Dollar suffers steep selling today but it’s trying to regain some ground at mid-US session. Currently it’s trading as the second weakest currency, together with Canadian Dollar. Yen is the worst performing one as fresh selling is seen in US session even against Dollar. On the other hand, New Zealand Dollar was boosted by strongest quarterly GDP growth in two years and is the strongest one. Sterling was lifted by strong retail sales data even though there is no breakthrough in Brexit negotiation in the informal EU summit. Euro follows as the third strongest as German 10 year bund yield once breached 0.50%. But it’s now back at 0.47, thus limiting the strength of Euro.

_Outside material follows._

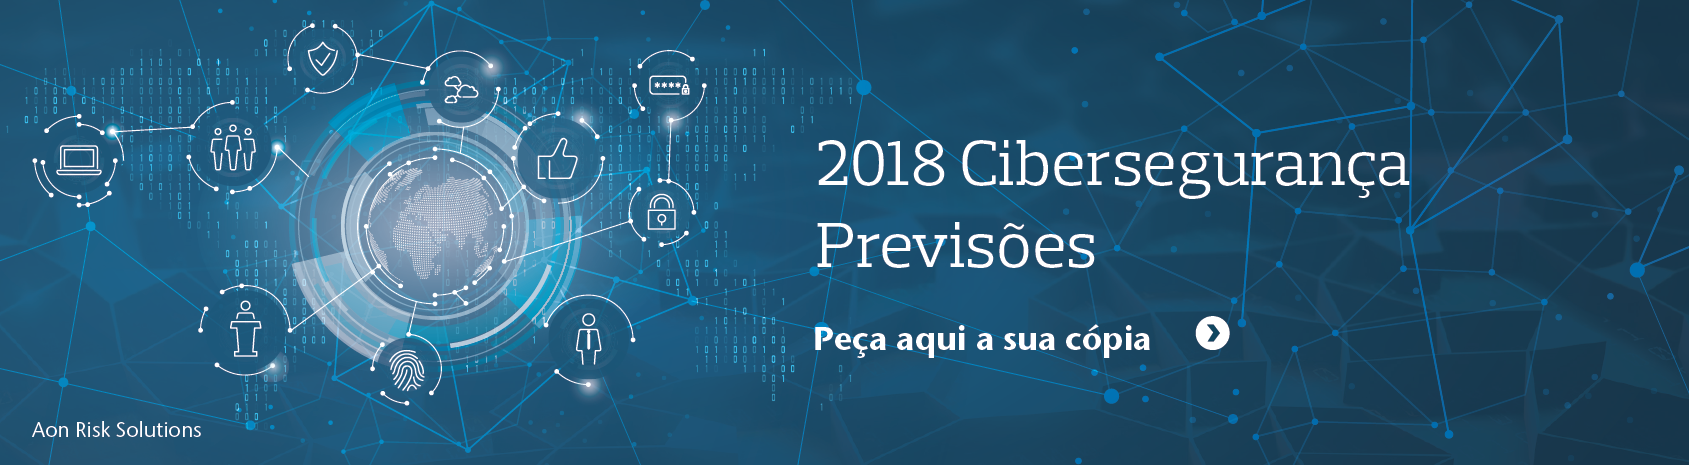 Cibersegurança Previsões 2018 Aon Cyber Security

In other markets, DOW and S&P 500 make record highs today while NASDAQ lags behind. US treasury yield is having a notable pull back after this week’s strong rally. It remains to be seen if 10 year yield could eventually breaks 3.115 key resistance. Major European indices ended in black with FTSE up 0.49%, DAX up 0.88% and CAC even stronger and up 1.07%. Gold is back above 1200 but struggles to ride on Dollar selloff to push through 1214.30 resistance.
An important point to note is that Dollar is now at a rather critical juncture. EUR/USD is pressing 38.2% retracement of 1.2555 to 1.1300 at 1.1779. GBP/USD is also in proximity to 38.2% retracement of 1.4376 to 1.2661 at 1.3316. We’ve pointed out before that 1.1300 in EUR/USD and 1.2661 in GBP/USD are both medium term bottoms, considering bullish convergence condition in daily MACD. Subsequent rebounds are viewed as corrective in nature.

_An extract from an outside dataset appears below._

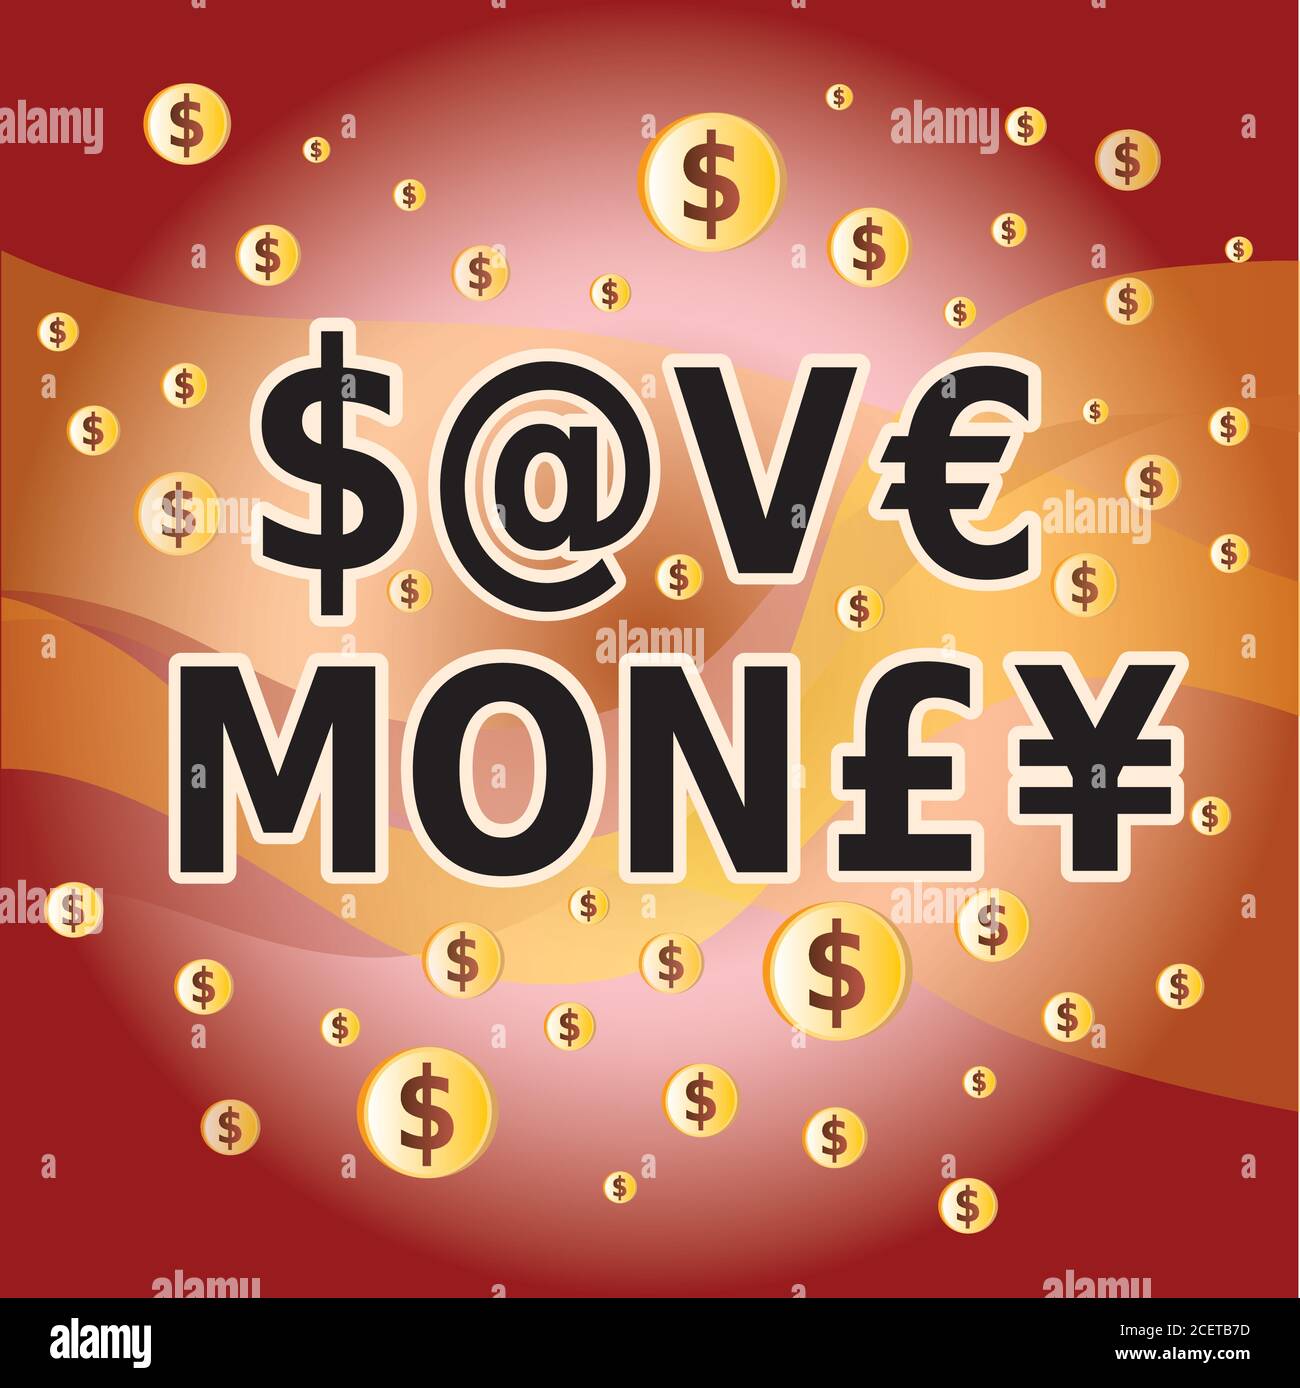 Sparen Sie Geld Zitat - Briefe und Geld Währung Symbole in Rot und Gold Farben Stock Vektor

Ideally, we should see strong resistance from 1.1779 and 1.3316 fibonacci level to limit upside, at least on first attempts. This will firmly keep medium term outlook bearish. And then based on the structure of the subsequent fall, we could be able to the possible depth of the next down moves. However, firm break of these two fibonacci levels would open up the cases of trend reversals. Even though the chance of bullish reversal in the pair is still slim in that case, technical forecasts would become more difficult.